Referindo-se às grandes artérias internacionais,
declara Calogeras:
"A configuração geográfica
da Sul-América e o traçado das fronteiras políticas
não permitem, por ora, pensar em estradas dessa natureza
ao norte de Corumbá, com a exceção única
de linha de Porto Velho a Santo Antônio do Madeira. Nessa
vasta região, os meios de comunicação são
fluviais tão somente, quase marítimos, diríamos,
tal o volume das águas dos rios em que flutuam os próprios
navios de veiculação oceânica.
"Temos, pois, limitado o campo a investigar:
ligação com a Bolívia, com o Paraguai e com
a Argentina.

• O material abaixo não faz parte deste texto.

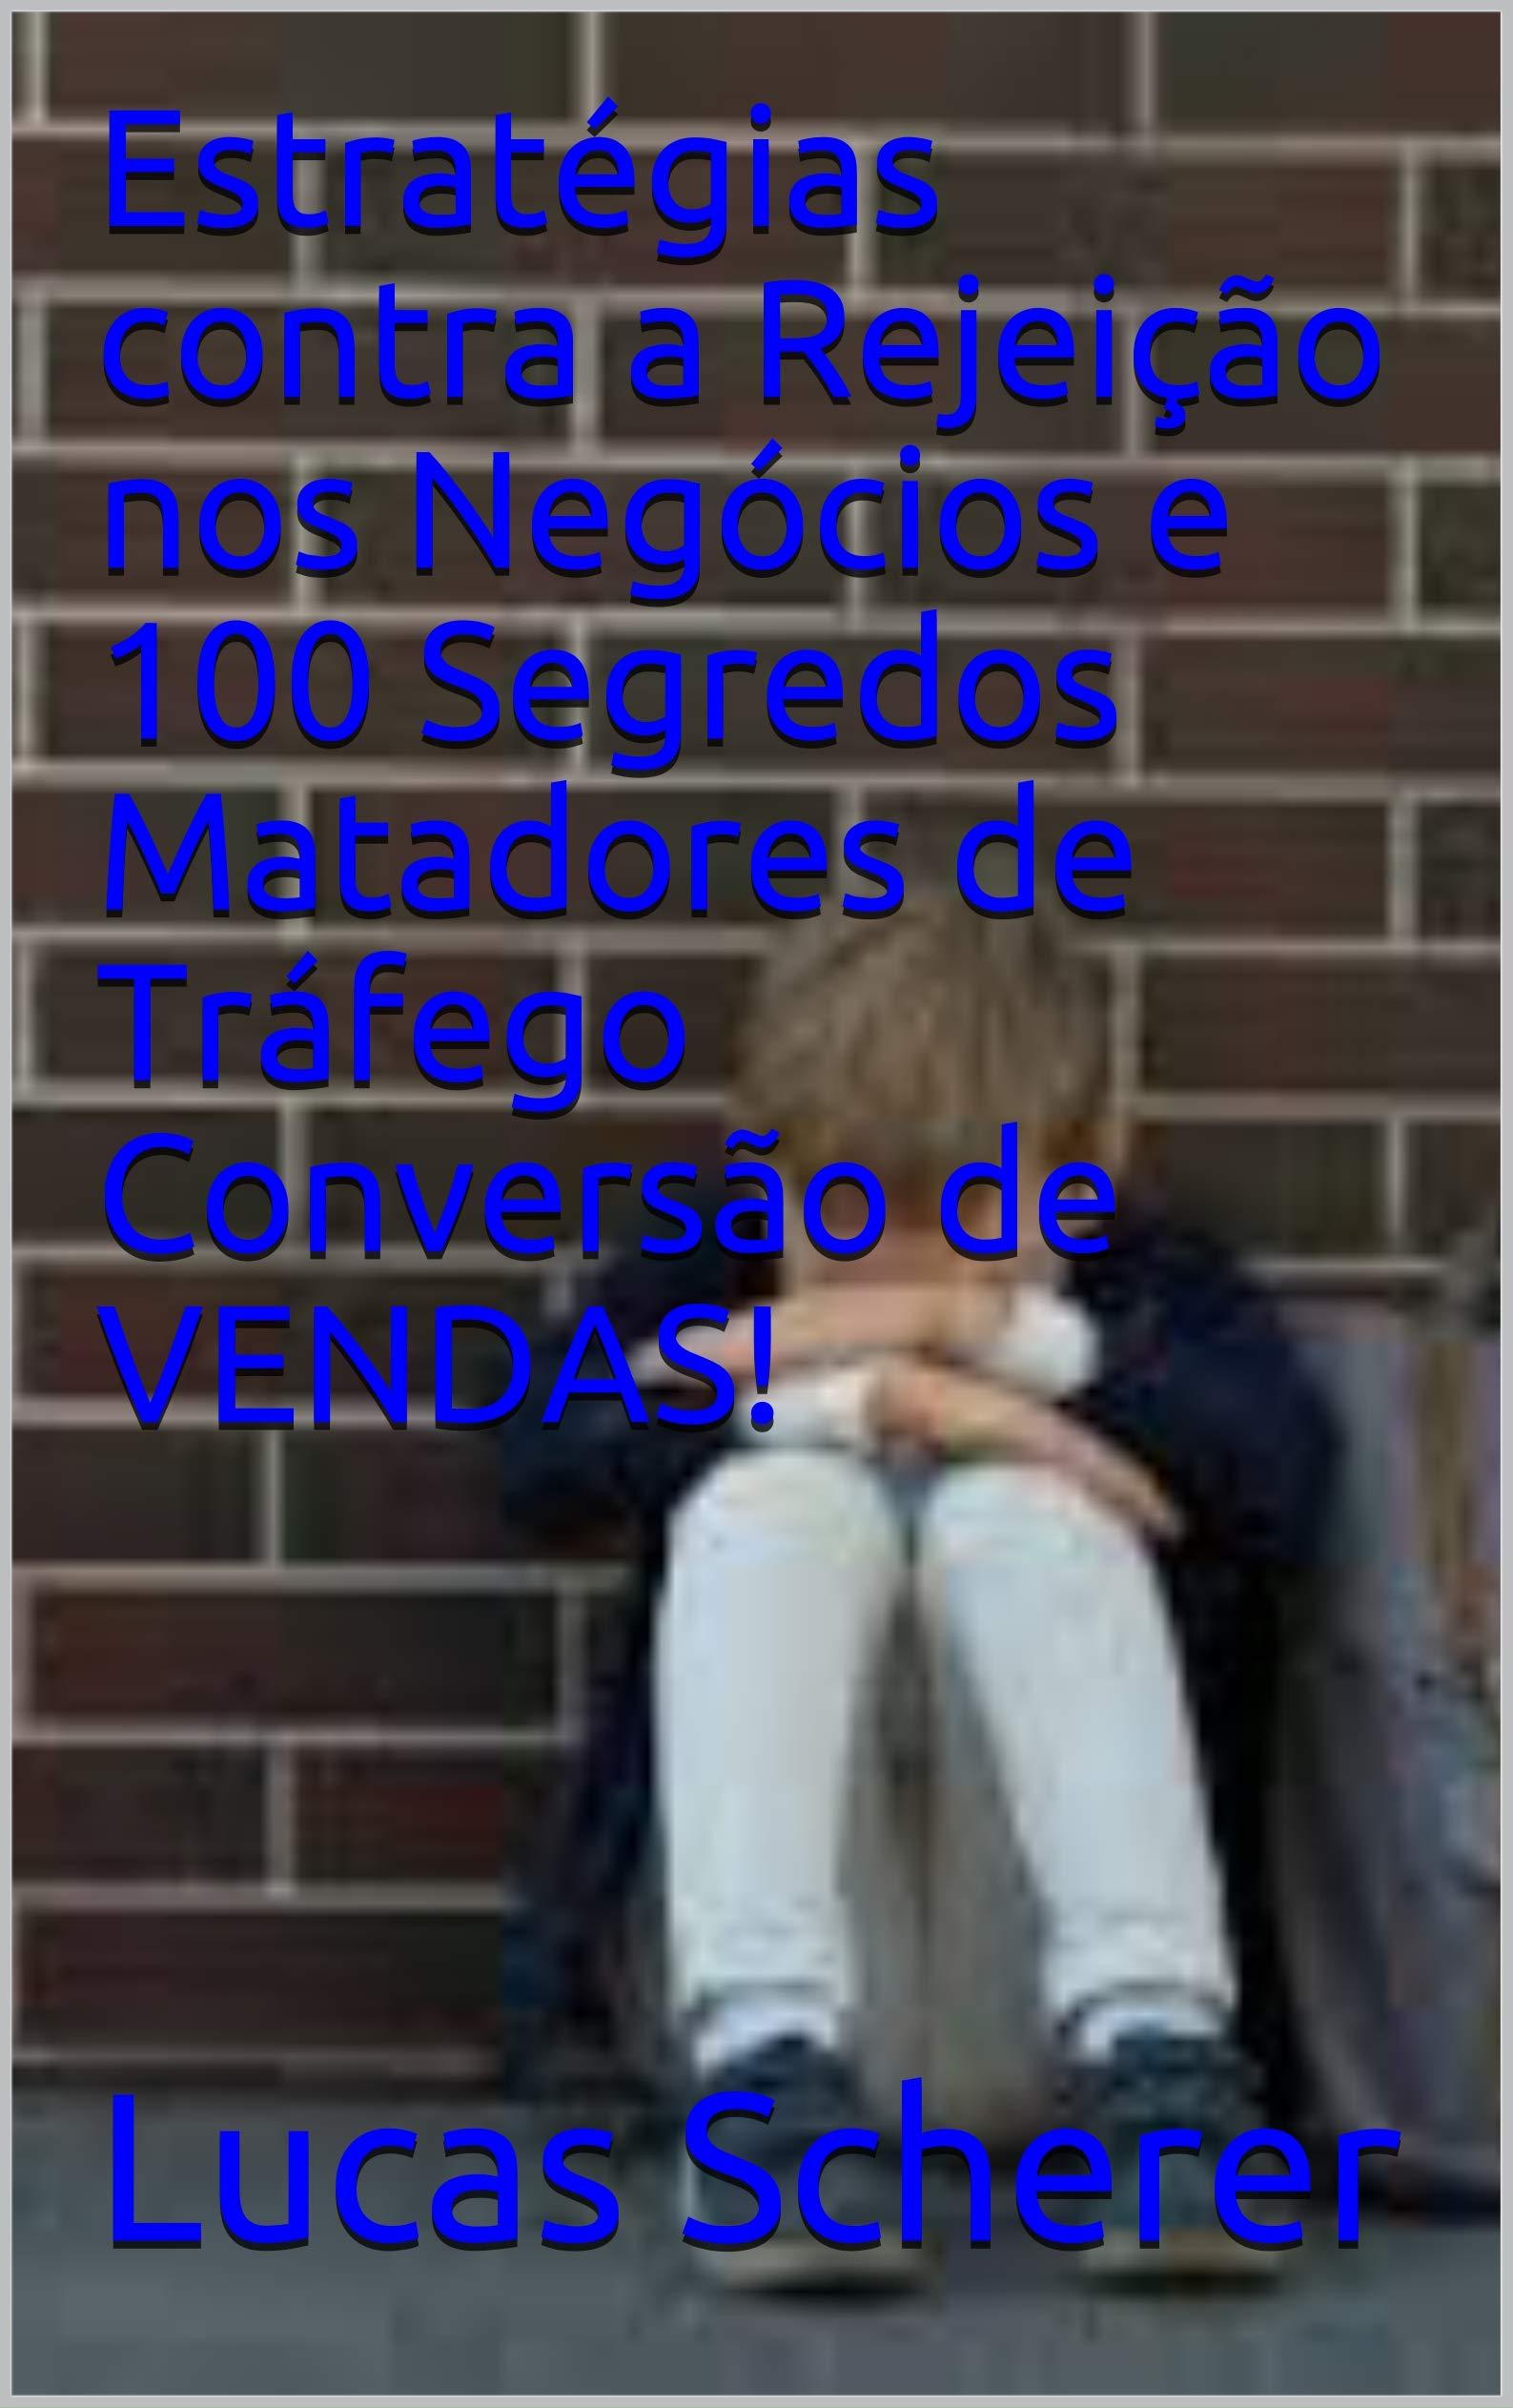 Estratégias contra a Rejeição nos Negócios e 100 Segredos Matadores de Tráfego Conversão de VENDAS! (Portuguese Edition)

Com esta última e com o Uruguai, as comunicações
serão servidas pelas mesmas linhas estudadas anteriormente,
pois a posição dessas futurosas Repúblicas
em relação ao Brasil as situa a sul e a sudoeste,
enquanto as transcontinentais se locam aproximadamente segundo os
paralelos.
"O trecho do litoral onde começariam
as grandes transversais vai de Santos até S. Francisco do
Sul. Disputam primasias nessa extensão os portos de Santos,
Paranaguá e de S. Francisco. Provavelmente, no futuro, todos
eles servirão de escoadouro ao hinterland de Misiones,
Paraguai e Bolivia central, quanto a passageiros e a mercadorias
de valor concentrado.
"Acresce que as linhas já se estendem
até o rio Paraná, quanto ao ramal da Sorocabana para
o porto Presidente Epitácio, e quase à fronteira boliviana,
quanto ao complexo S. Paulo, Porto Esperança, no rio Paraguai.
Pequeno esforço mais, e os trilhos irão a Corumbá
e Puerto Suarez, na divisa.
"Essa diretriz deverá ser, por sua
locação geográfica e pelo adiantado da construção,
a da primeira transcontinental. Irá ligar-se à EF
Pan-Americana, e por ela formará sistema com toda a rede
ferroviária dos dois continentes. Um dos problemas que o
Ministério das Relações Exteriores está
estudando, e terá de solver, é o da linha Corumbá
– Santa Cruz de la Sierra, na Bolivia. É assunto vital para
as duas Repúblicas amigas e vizinhas.
"Convém notar que ela solve apenas
o caso boliviano. Pode, entretanto, servir de tronco para outras
ligações em Mato Grosso. Dois ramais para sul, partindo
de Campo Grande para Ponta Porã e Nhuvirá, e de Miranda
para Bela Vista, poriam em contato ferroviário com o Atlântico
todo o norte do Paraguai e as estradas daí para sul e para
oeste.
"Do mesmo modo, o prolongamento da linha da
Sorocabana, no ramal do Paranapanema, além de Presidente
Epitácio, nem só drenaria a região entre Paraná
e serra de Maracaju, como atingiria a linde nas imediações
de Ponta Porã e se soldaria aí com os trilhos vindos
de Campo Grande e se prolongaria pelas estradas paraguaias vindas
de Vila Concepción. Seria a solução para todo
o norte da República.
Quanto aos traçados para as zonas do Centro e do Sul salienta
o autor do plano:
"Onde grande impulso se torna necessário,
contudo, é no aproveitamento dos rios navegáveis.
Talvez seja cedo para iniciar grandes obras, difíceis e muita
vez aleatórias, de melhoramento de caudais. Mas já
é tempo de estudar o problema, e enquanto se utilizam apenas
os cursos das correntes navegáveis em seu estado natural.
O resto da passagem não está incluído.